Among the lines below, output only those between the line holding "Dress - AKS" and the line holding "This is how", inclusive, exactly as written and with no pictures.

*DATA SHOWN*:
•••••
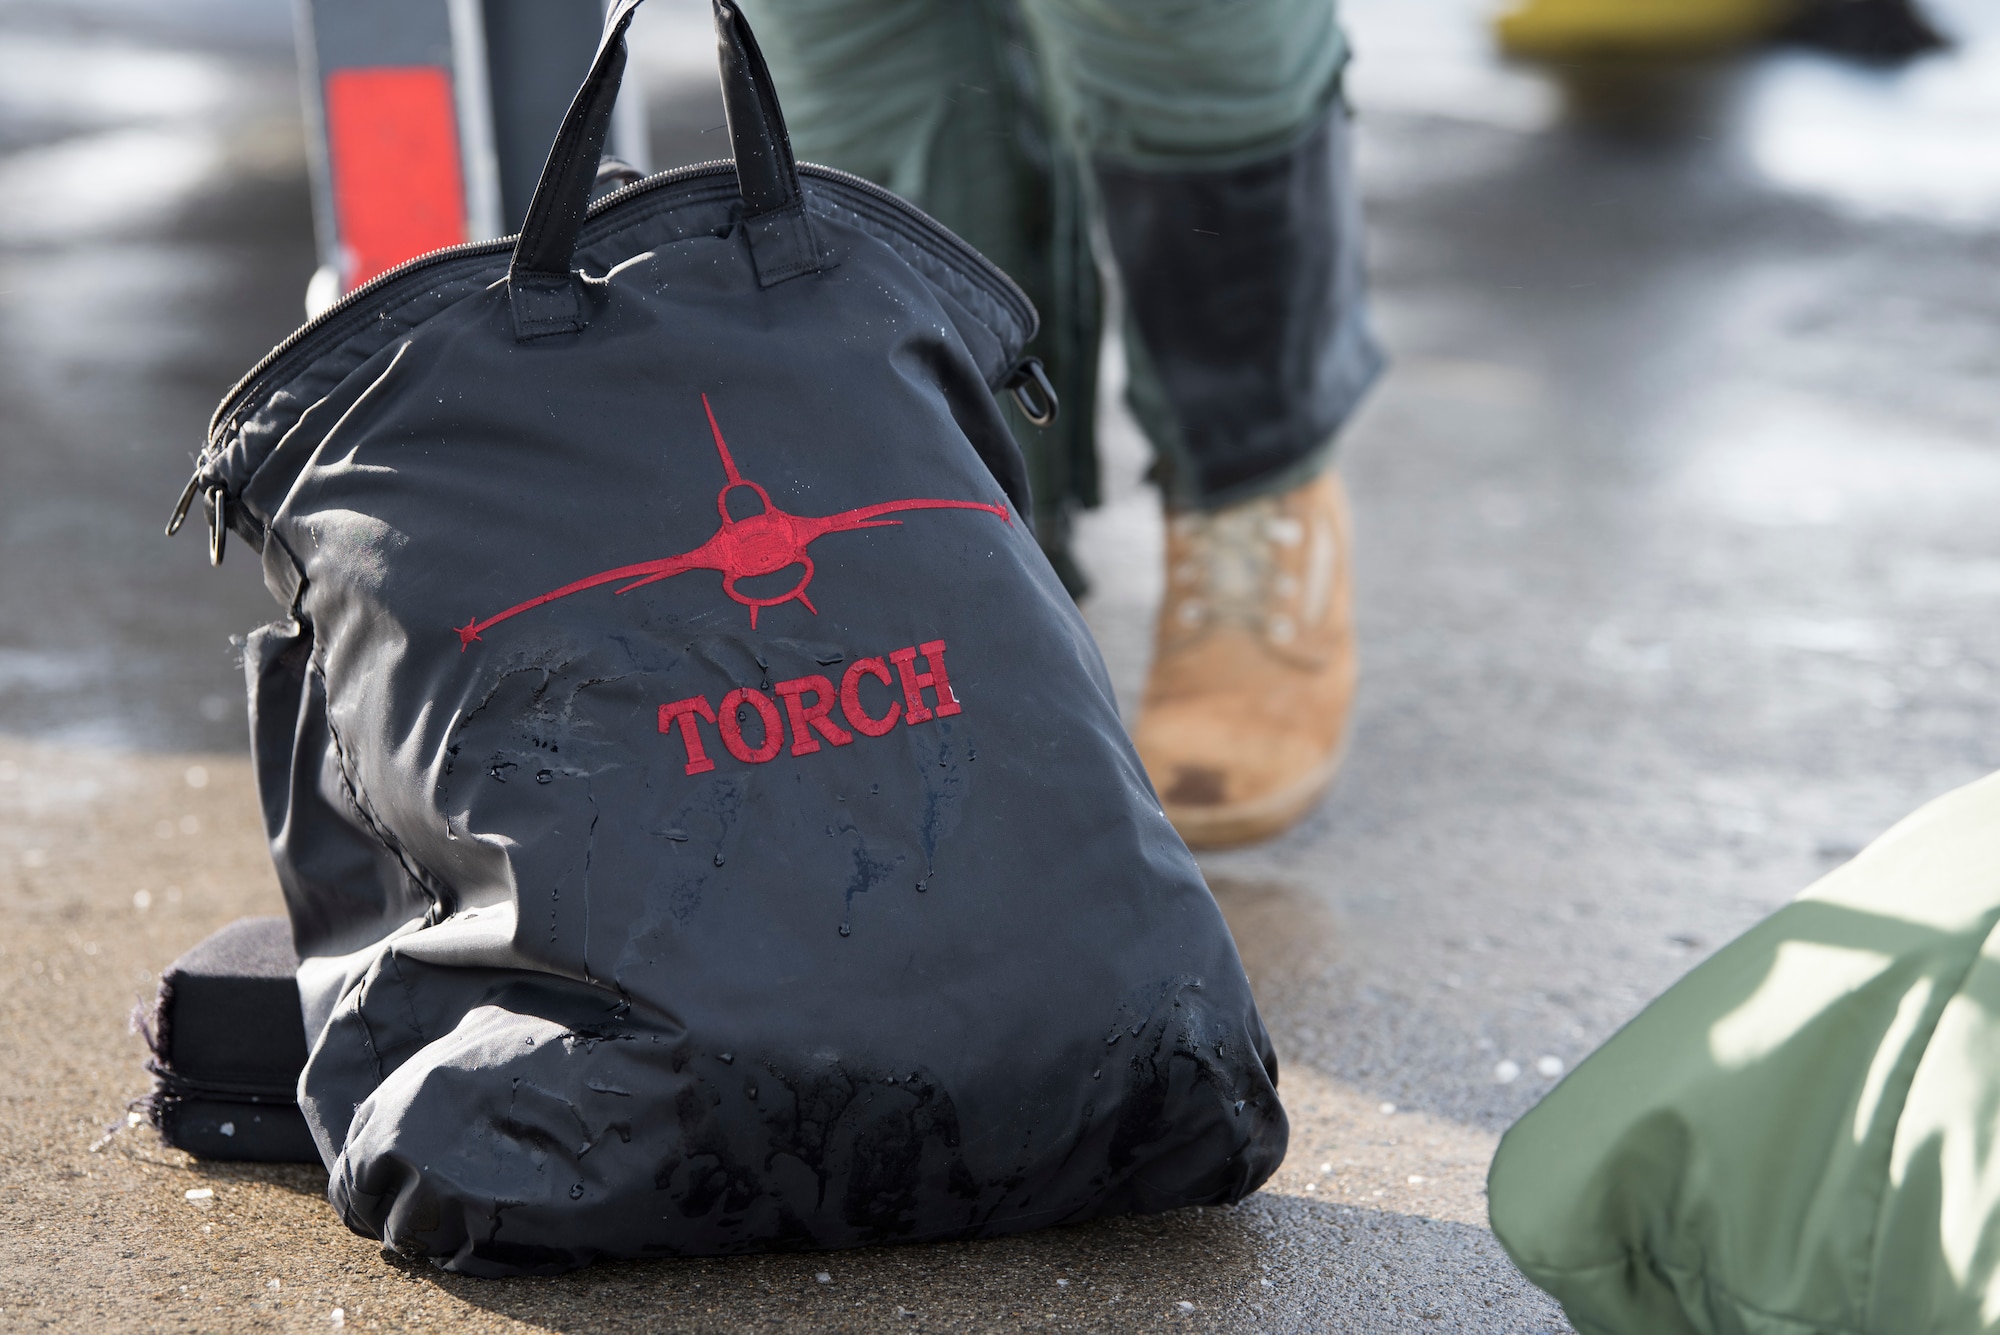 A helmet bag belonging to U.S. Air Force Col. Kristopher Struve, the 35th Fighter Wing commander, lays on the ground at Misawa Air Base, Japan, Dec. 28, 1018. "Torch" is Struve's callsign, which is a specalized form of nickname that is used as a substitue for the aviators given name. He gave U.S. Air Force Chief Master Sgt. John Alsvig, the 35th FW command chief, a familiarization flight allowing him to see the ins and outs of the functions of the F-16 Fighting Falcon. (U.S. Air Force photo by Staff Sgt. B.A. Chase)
•••••
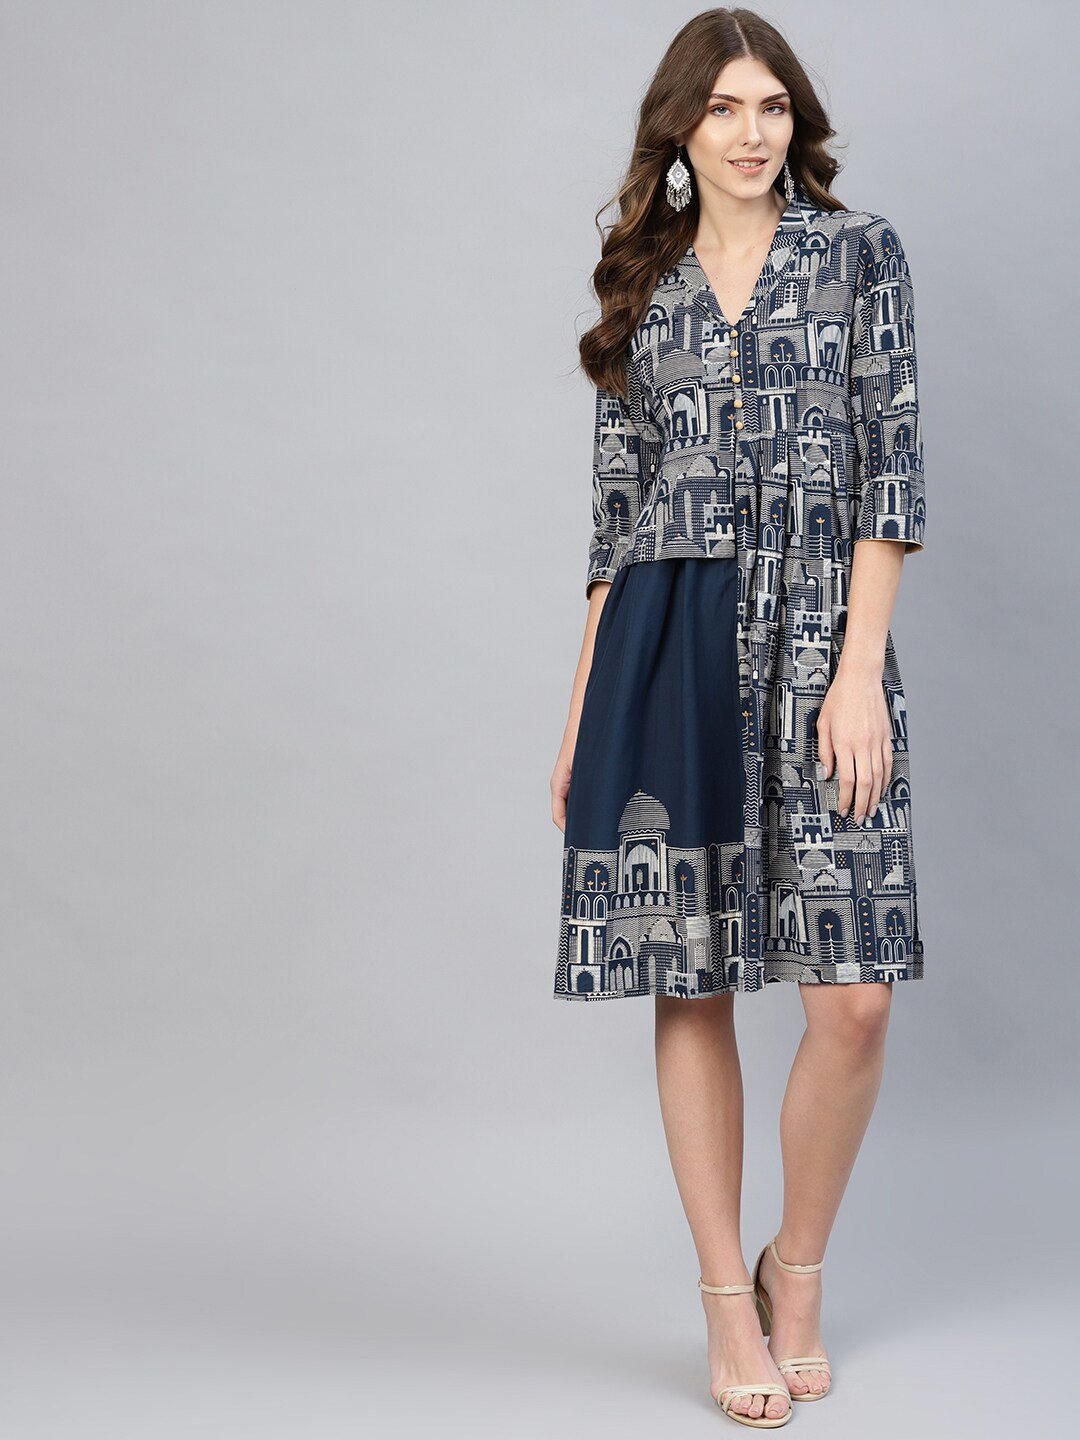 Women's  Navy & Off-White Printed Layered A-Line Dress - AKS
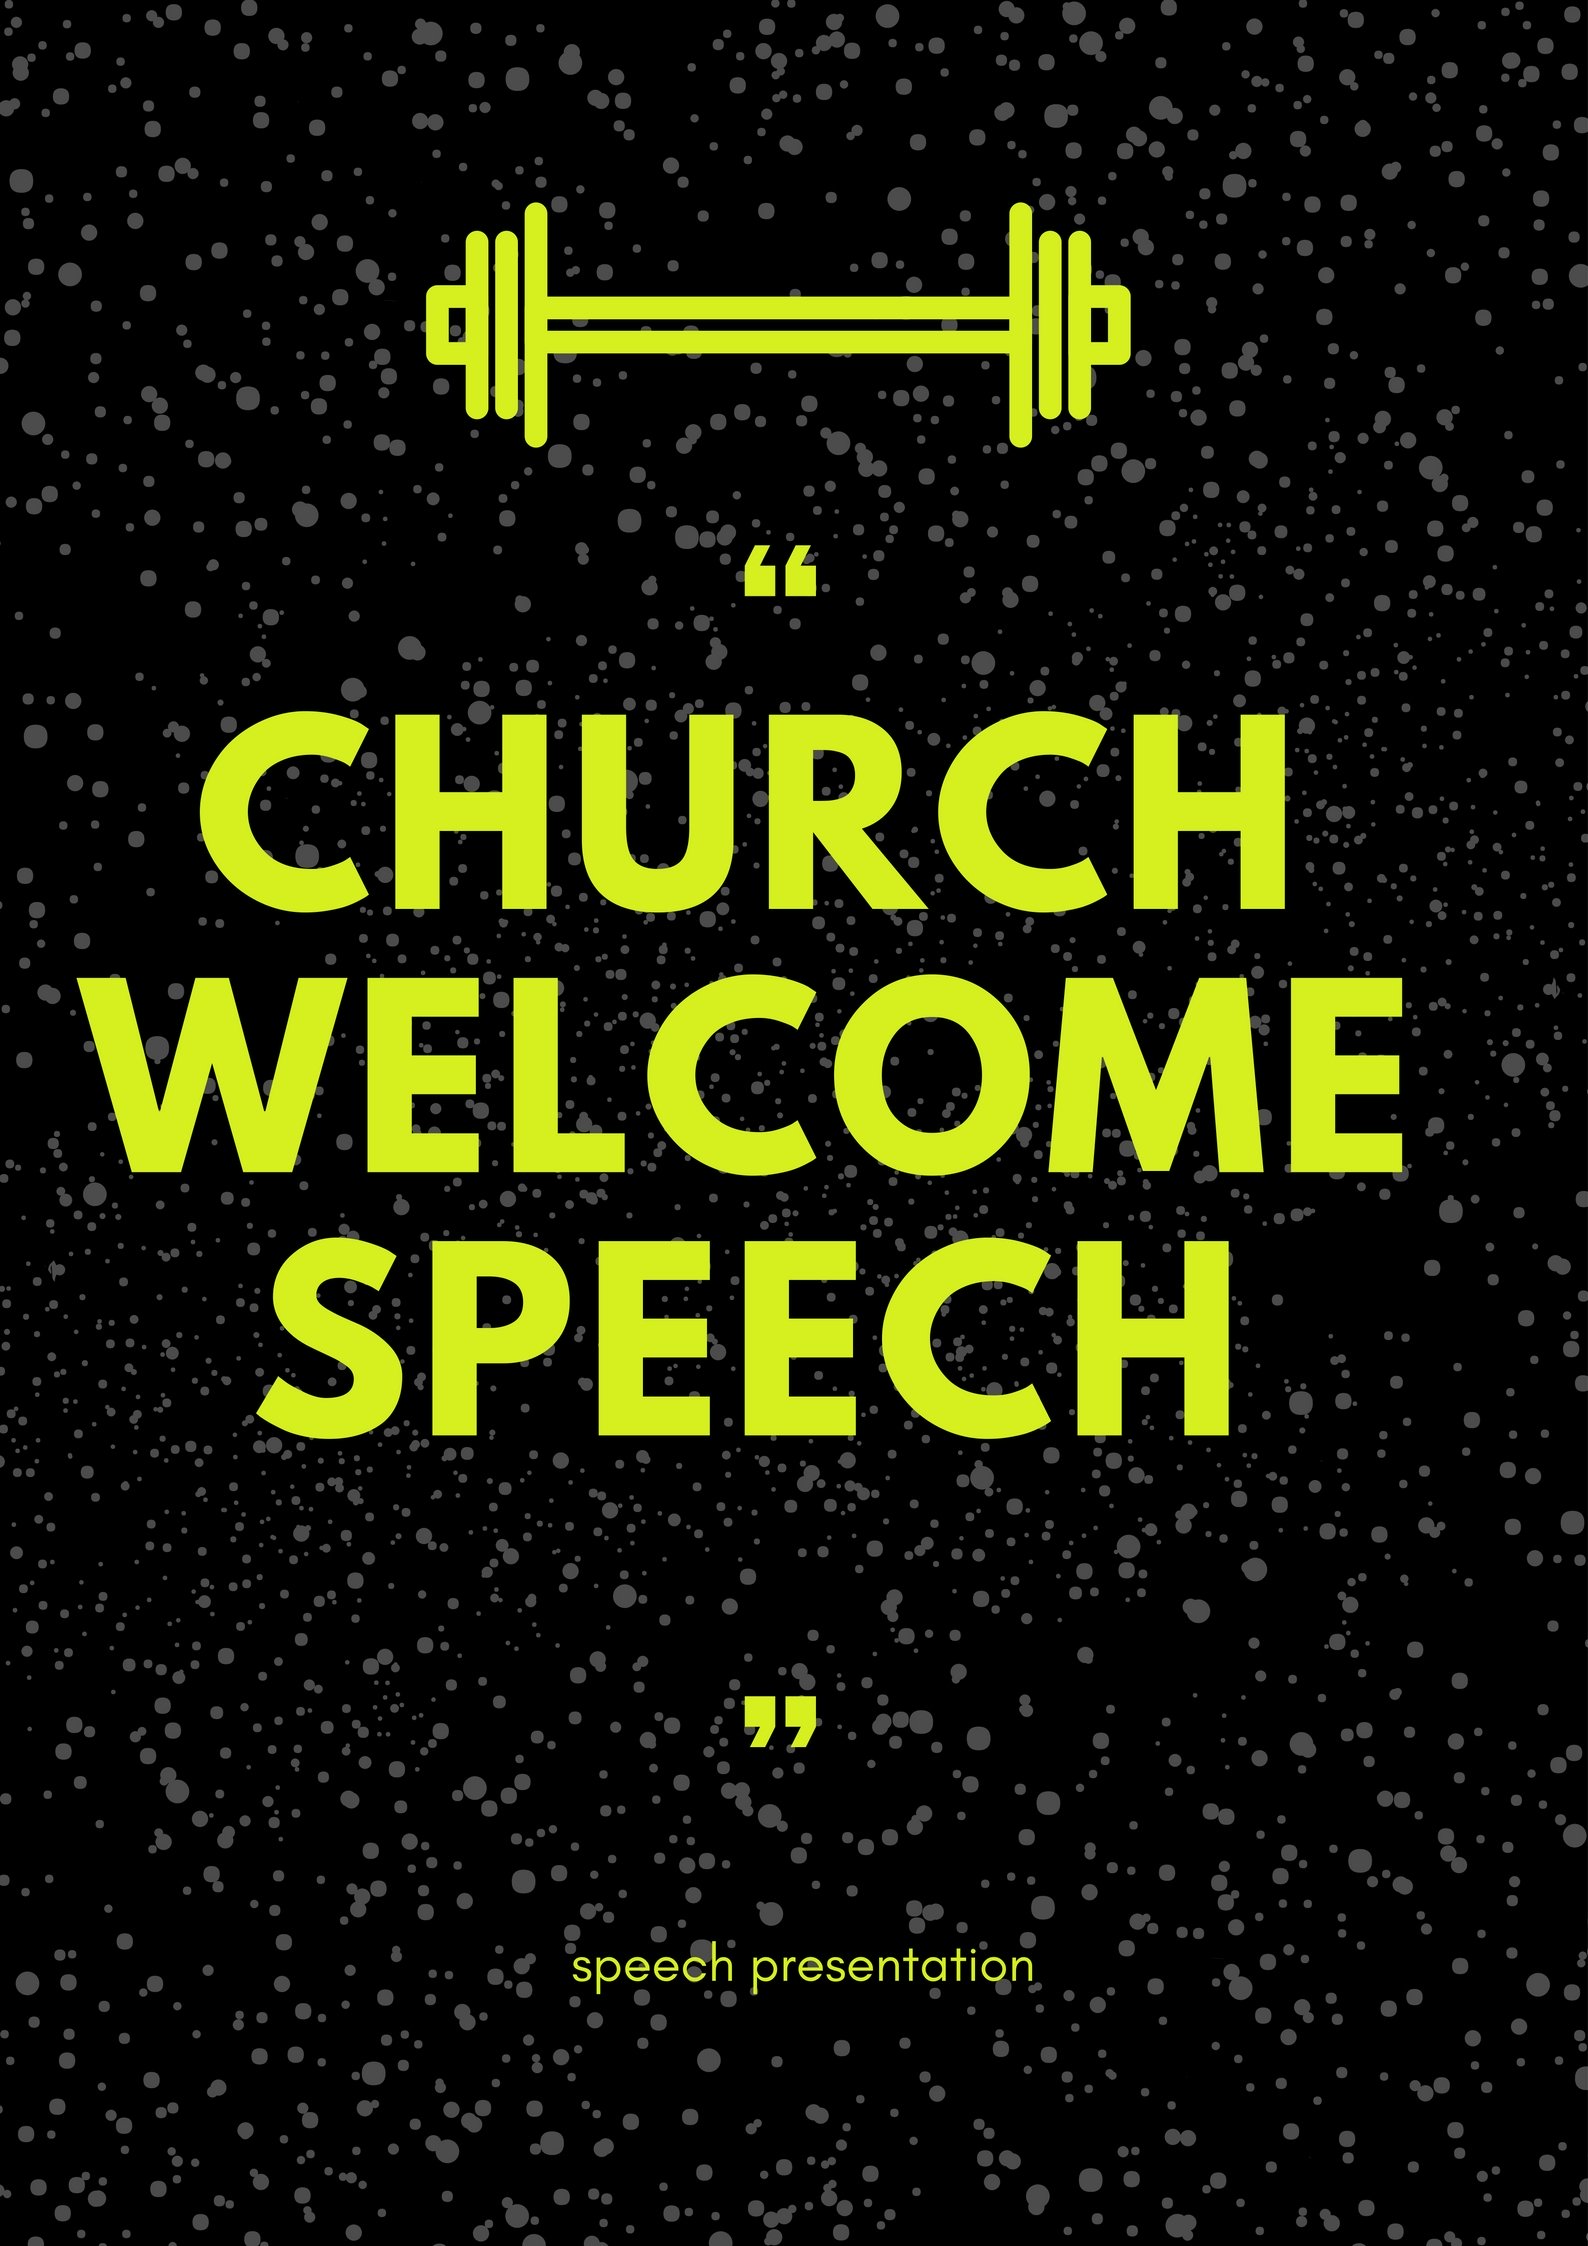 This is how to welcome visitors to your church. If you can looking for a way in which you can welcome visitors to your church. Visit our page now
•••••
*OUTPUT FOR THIS EXERCISE*:
 Women's  Navy & Off-White Printed Layered A-Line Dress - AKS
 This is how to welcome visitors to your church. If you can looking for a way in which you can welcome visitors to your church. Visit our page now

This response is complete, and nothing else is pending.